Given entries:
◇ ◇ ◇ ◇ ◇ ◇ ◇

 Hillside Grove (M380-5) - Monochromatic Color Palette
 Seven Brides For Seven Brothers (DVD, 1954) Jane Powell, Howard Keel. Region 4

◇ ◇ ◇ ◇ ◇ ◇ ◇

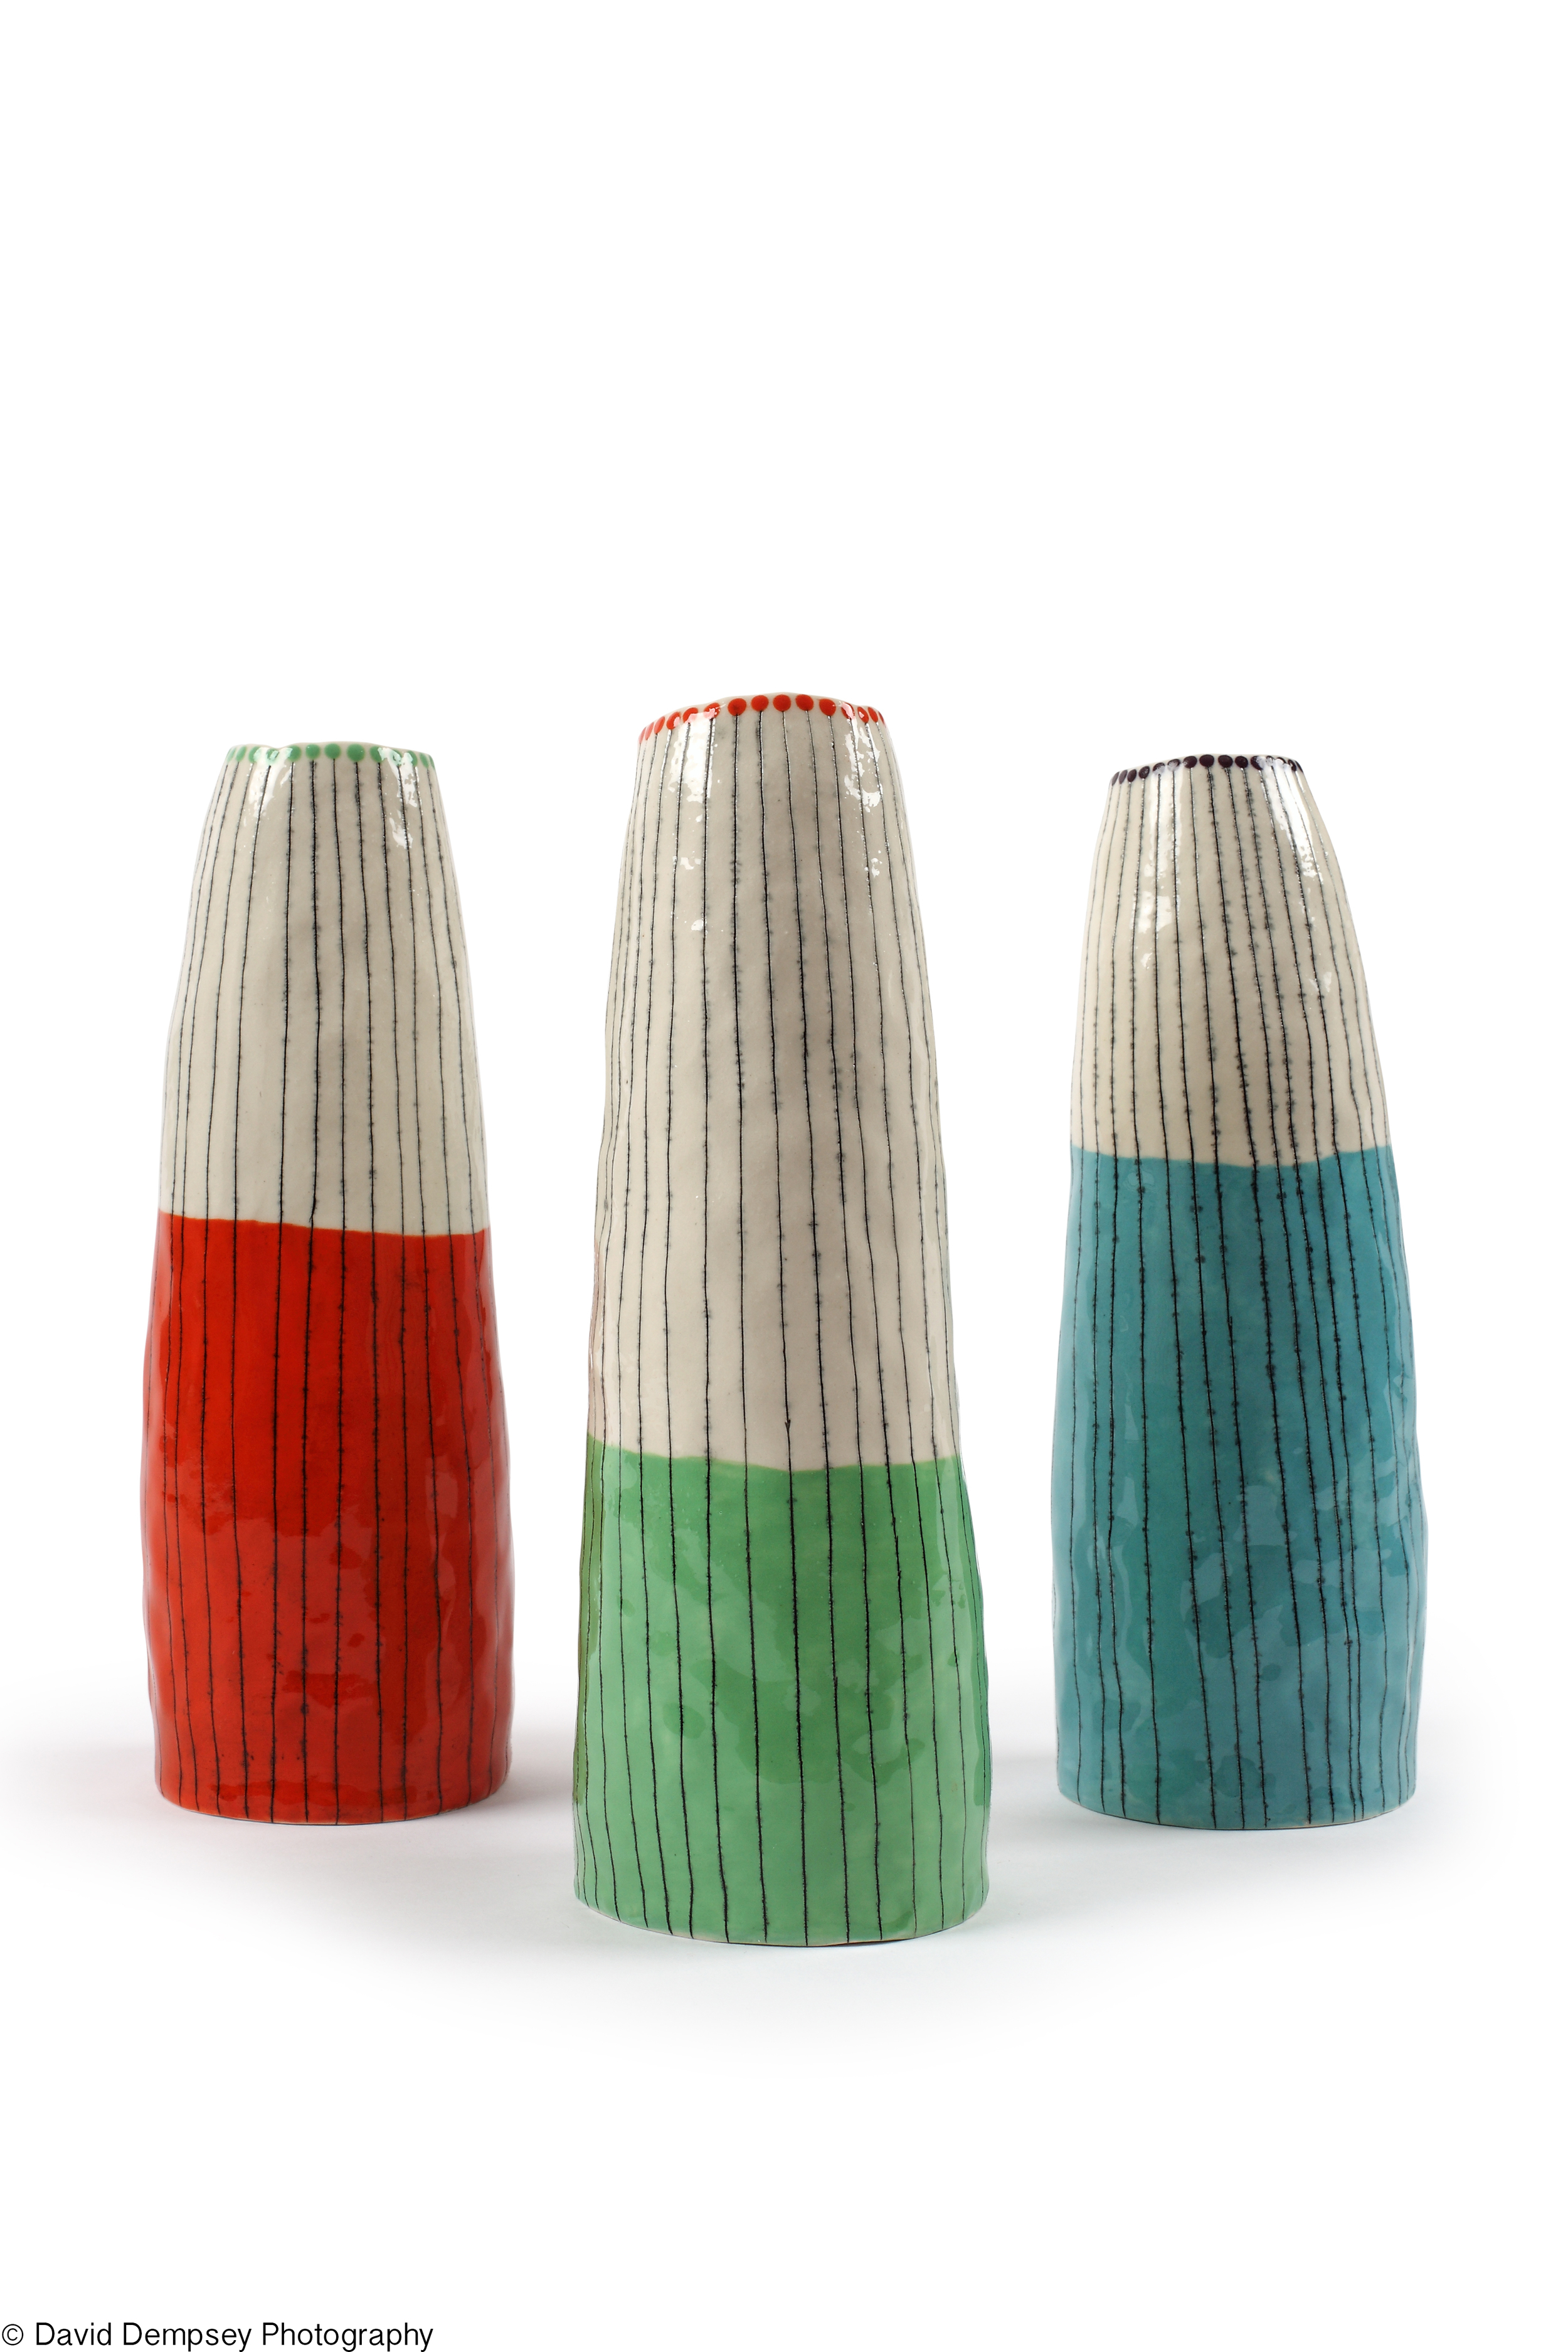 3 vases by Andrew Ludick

◇ ◇ ◇ ◇ ◇ ◇ ◇

Your goal: Within the listing above, give again exactly every line from the line with "Hillside Grove (M380-5)" through the line with "Seven Brides For", both included, and no other line.

Solution:
 Hillside Grove (M380-5) - Monochromatic Color Palette
 Seven Brides For Seven Brothers (DVD, 1954) Jane Powell, Howard Keel. Region 4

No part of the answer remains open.